- **DATASET EXCERPT**:
● ● ● ● ● ● ●

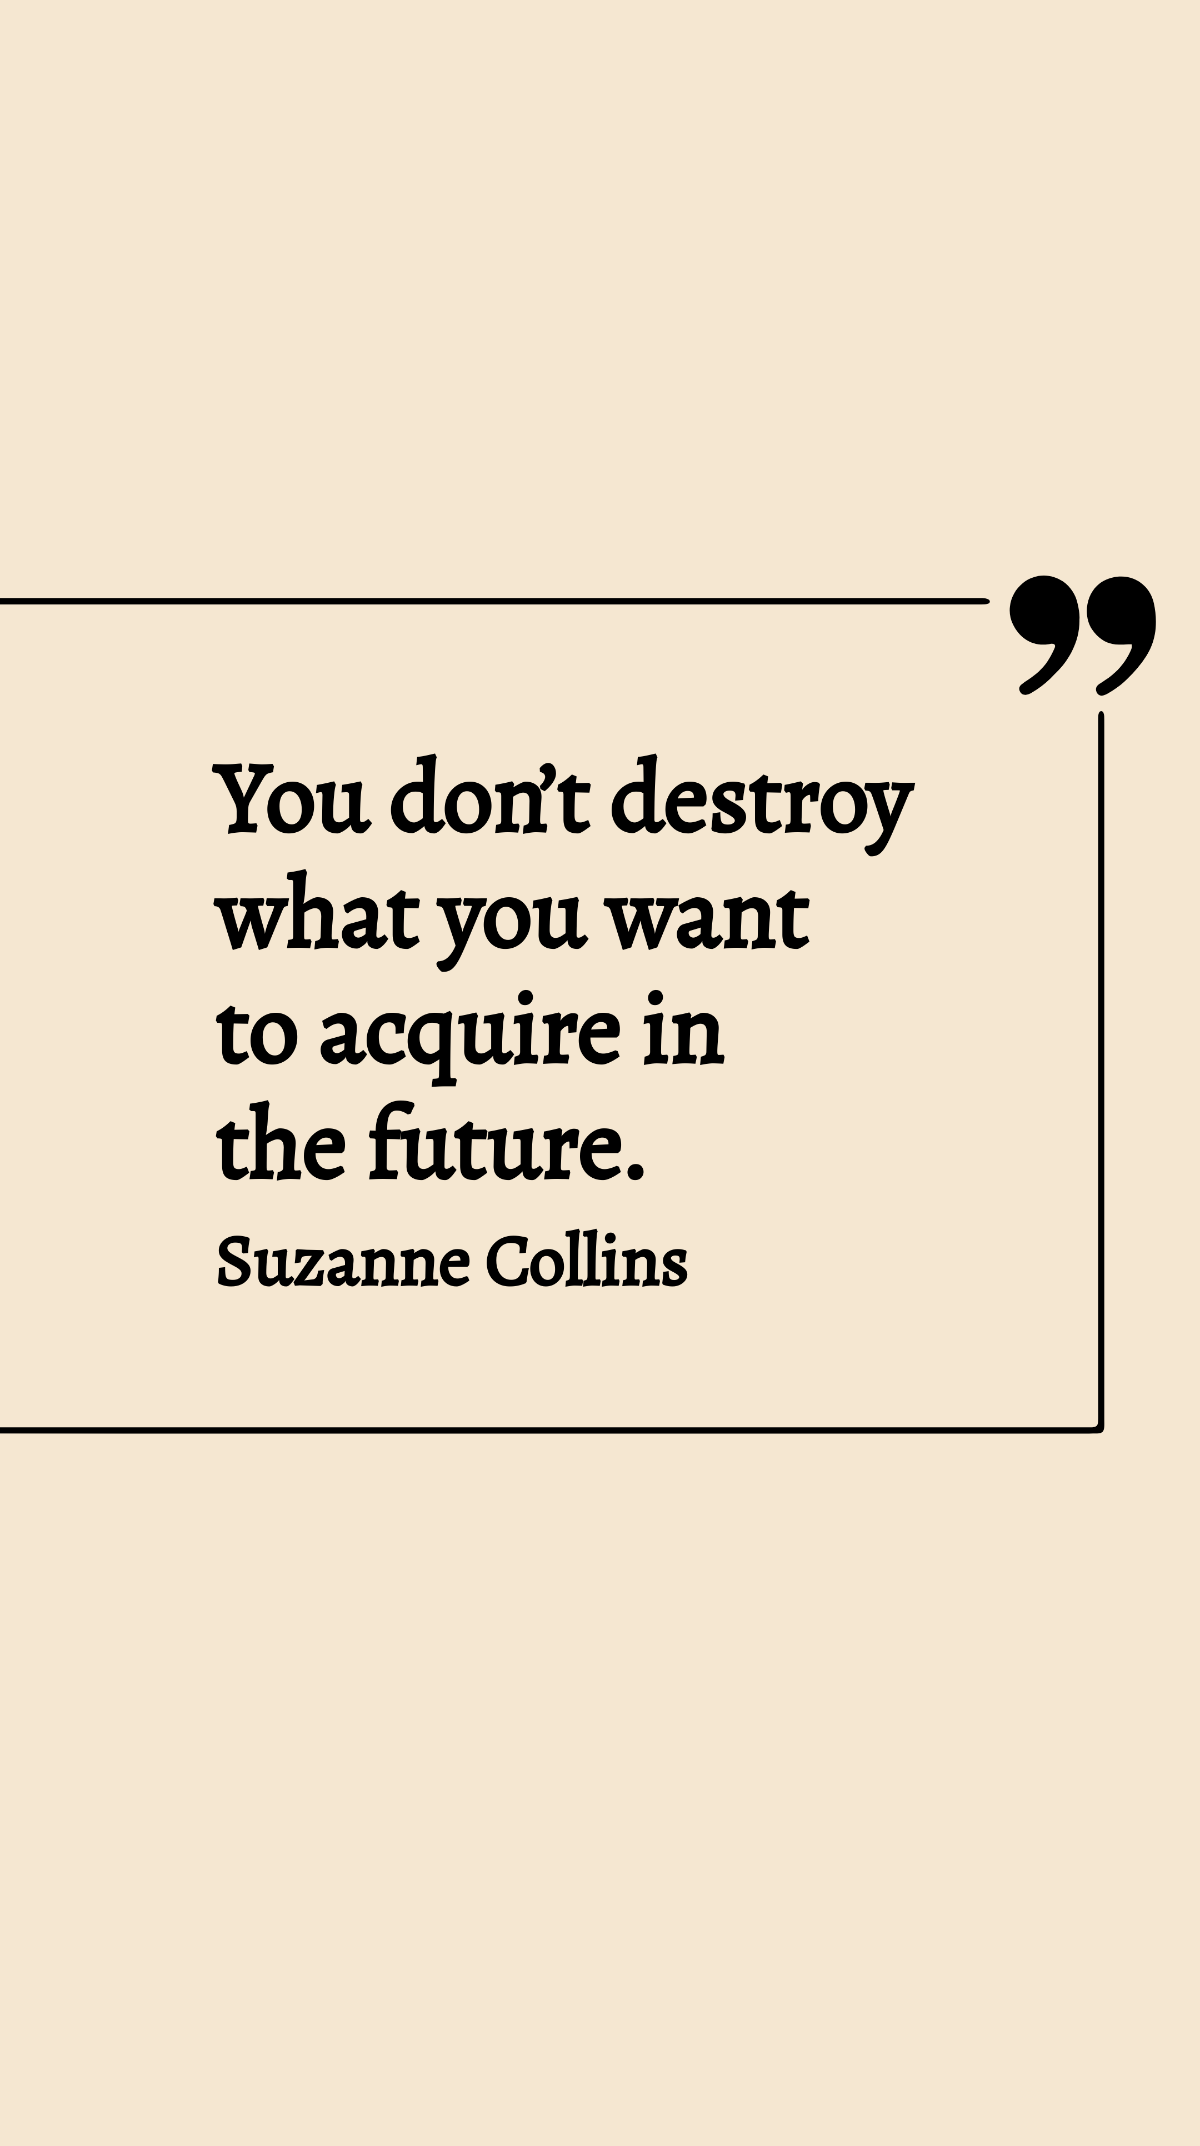 Suzanne Collins - You don’t destroy what you want to acquire in the future. Template
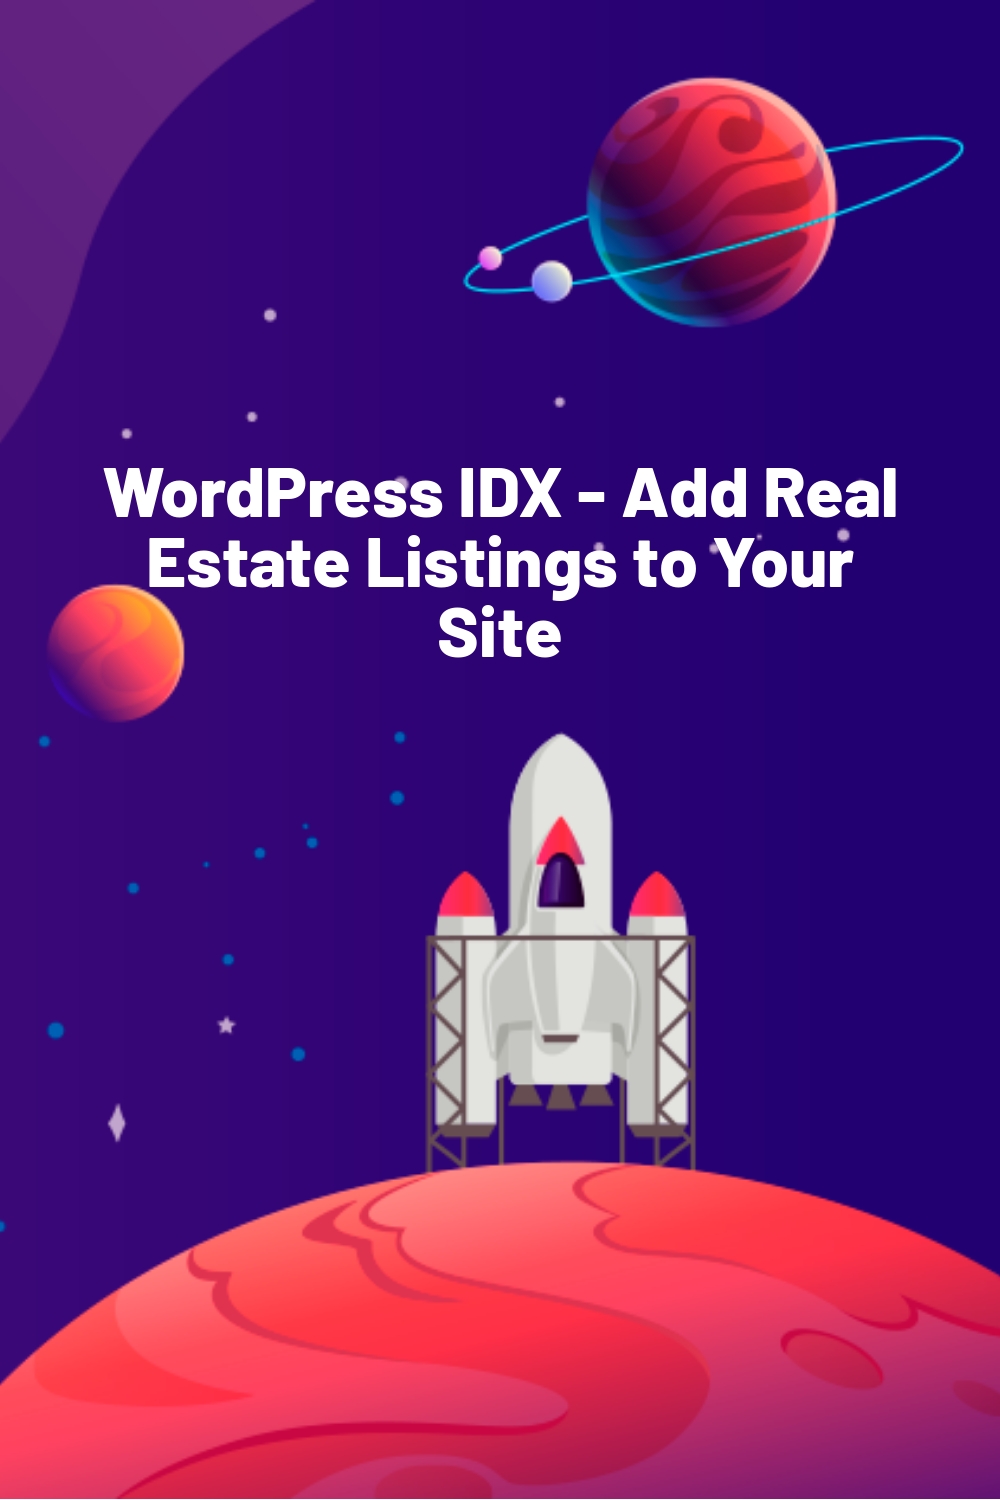 WordPress IDX – Add Real Estate Listings to Your Site
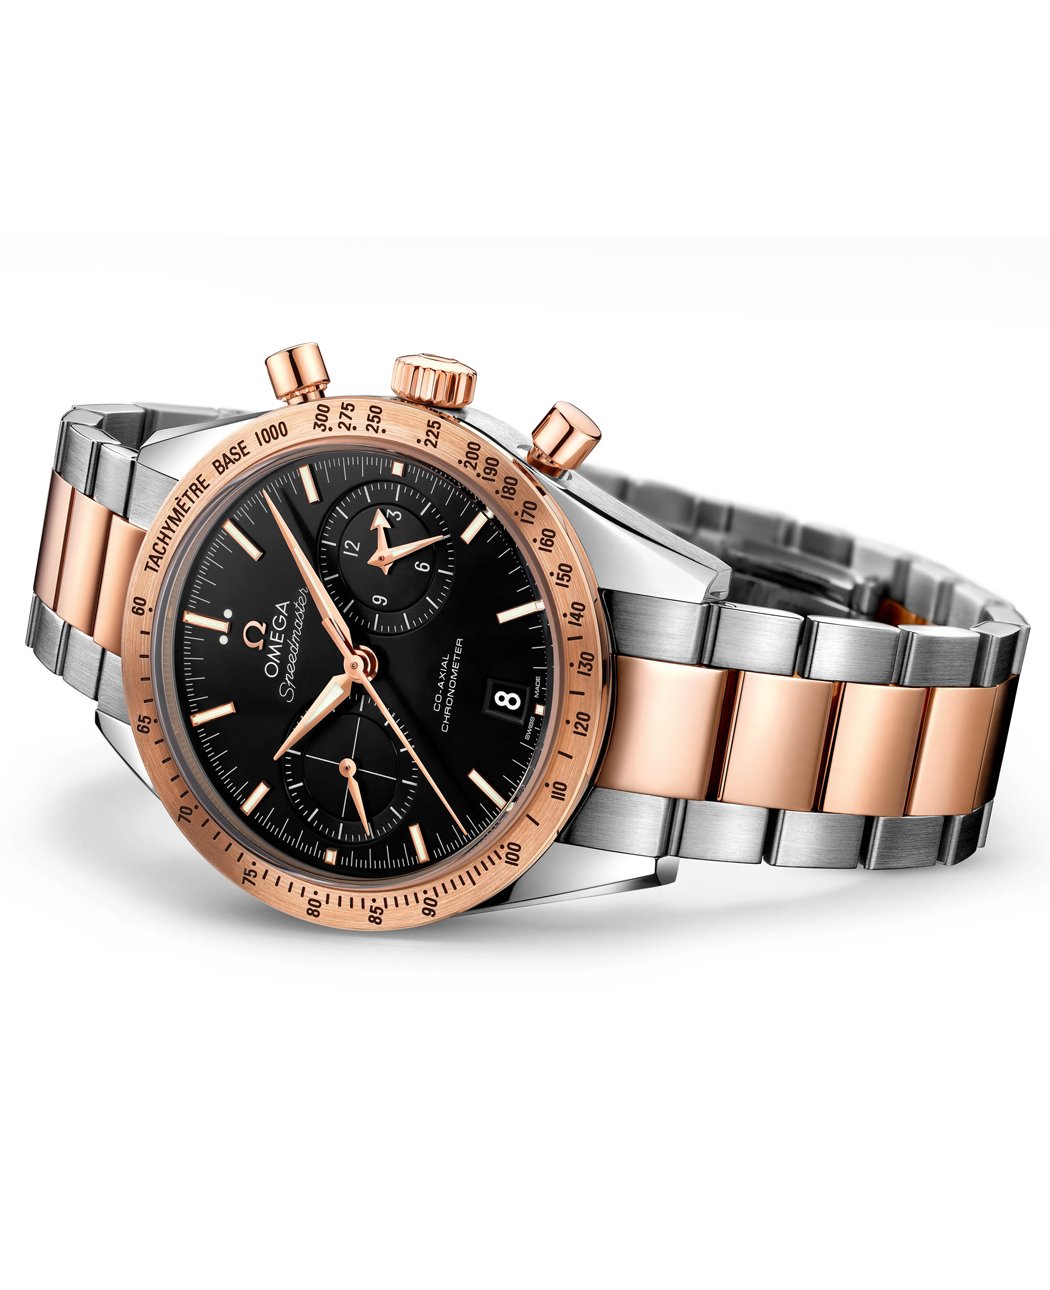 SPEEDMASTER '57 CO-AXIAL CHRONOGRAPH by Omega

● ● ● ● ● ● ●

- **REQUIRED WORK**: Repeat the listing above word for word and leave its images out.

- **RESULT BELOW**:
 Suzanne Collins - You don’t destroy what you want to acquire in the future. Template
 WordPress IDX – Add Real Estate Listings to Your Site
 SPEEDMASTER '57 CO-AXIAL CHRONOGRAPH by Omega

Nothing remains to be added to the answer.